Painter of contemporary art | Castelmassa, Rovigo, Italy, 1930 - 2017

Enrico Castellani is an Italian painter, relief artist and proponent of concept art whose central motif is light and space. He is considered among the most influential Italian artists, and he made a significant contribution to the development of avant-garde art in Europe during the 1950s and 60s.

Castellani studied painting and sculpture at the Académie royale des Beaux-Arts de Bruxelles until 1956, as well as reading architecture at the École de La Cambre, also in Brussels. He returned to Italy in 1957. Moving to Milan, he came into contact with artists involved in the country’s avant-garde scene, among them Lucio Fontana, Piero Manzoni, Vincenzo Agnetti and Agostino Bonalumi. He also had ties to the German artists belonging to the ZERO collective, and met the French painter Yves Klein. Castellani joined the group ‘Movimento Arte Nucleare’ in 1958.

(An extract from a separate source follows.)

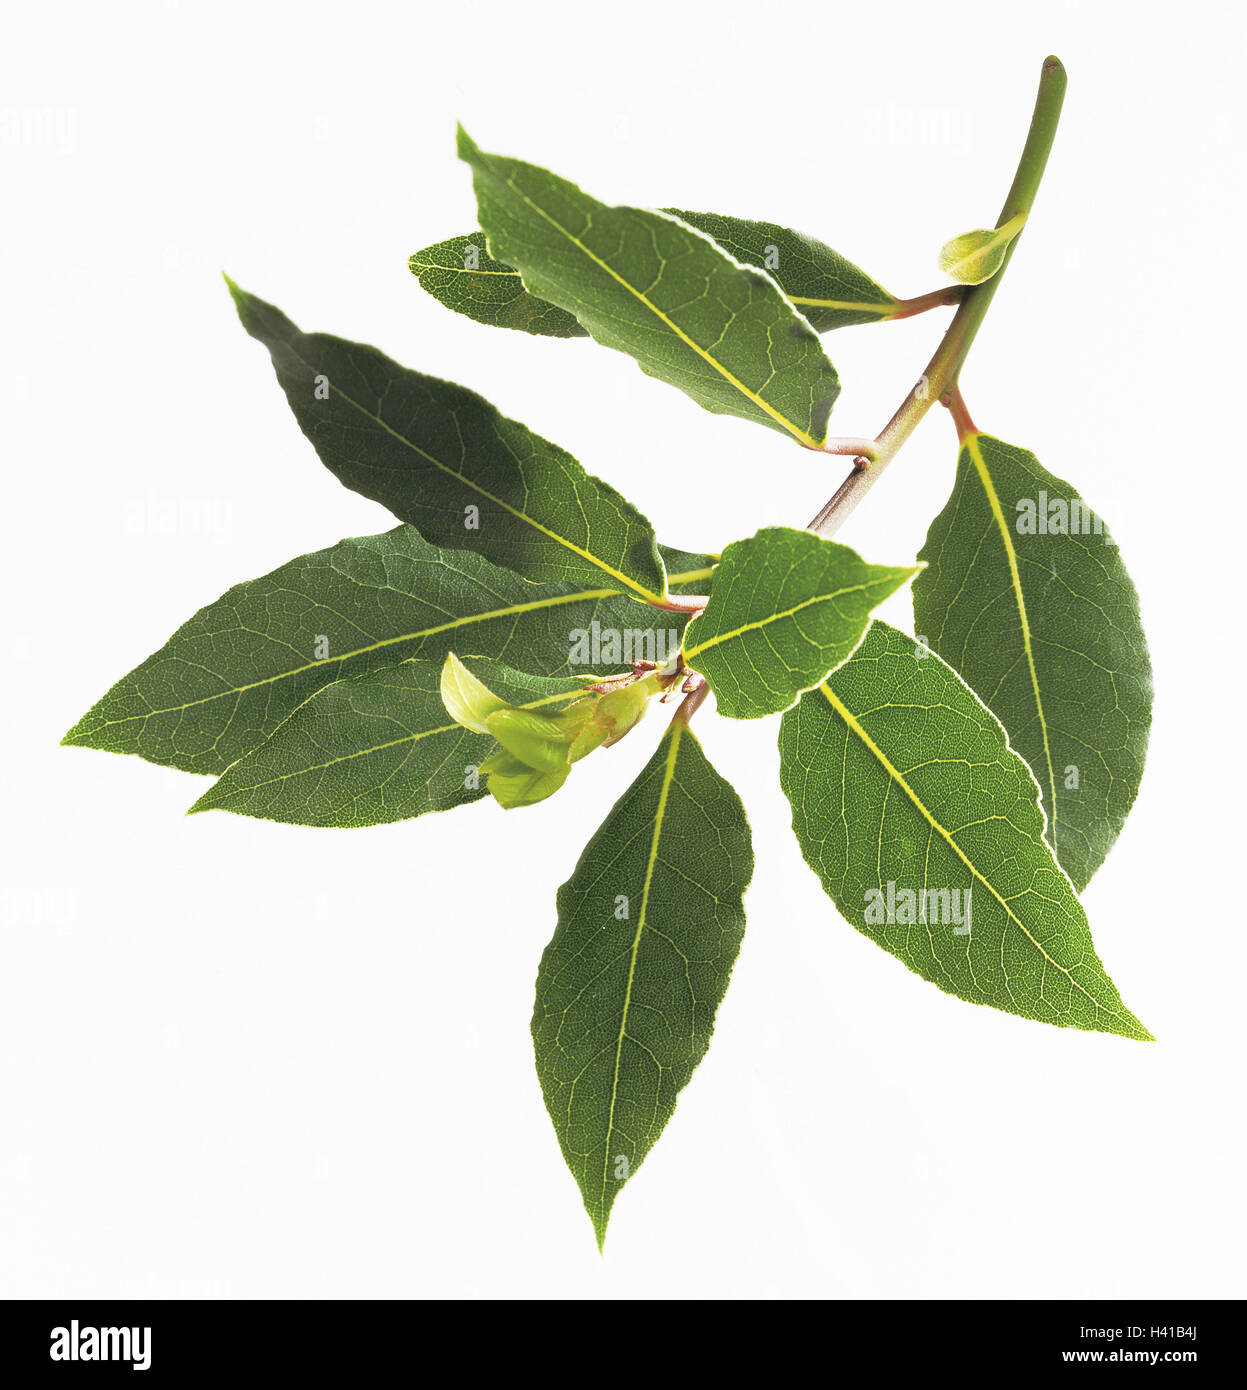 Bay leaf, Laurus nob

In 1959, Piero Manzoni und Enrico Castellani opened Galleria Azimut in Milan, where they published the first edition of their journal Azimuth. Eschewing the idea that art is intended as a means of replication was the main message advocated in Azimuth. Instead, each piece should present its own reality and authenticity, and only refer to itself. Castellani created his first Superficie Nera in 1959, in which he used a nail machine on the canvas to create his art. This allowed Castellani to fashion a relief-like structure on the surface of these monochrome-white paintings, which strongly accentuated the play between light and shadow. Castellani continued to refine this method during the 1970s and 1980s, although he shaped other materials such as aluminium as well. He also started to use synthetic light to model his canvases.

Enrico Castellani showed his work at numerous international exhibitions as well as at Documenta IV in Kassel in 1968. He was invited to the Venice Biennale in 1964, 1966 and 2003.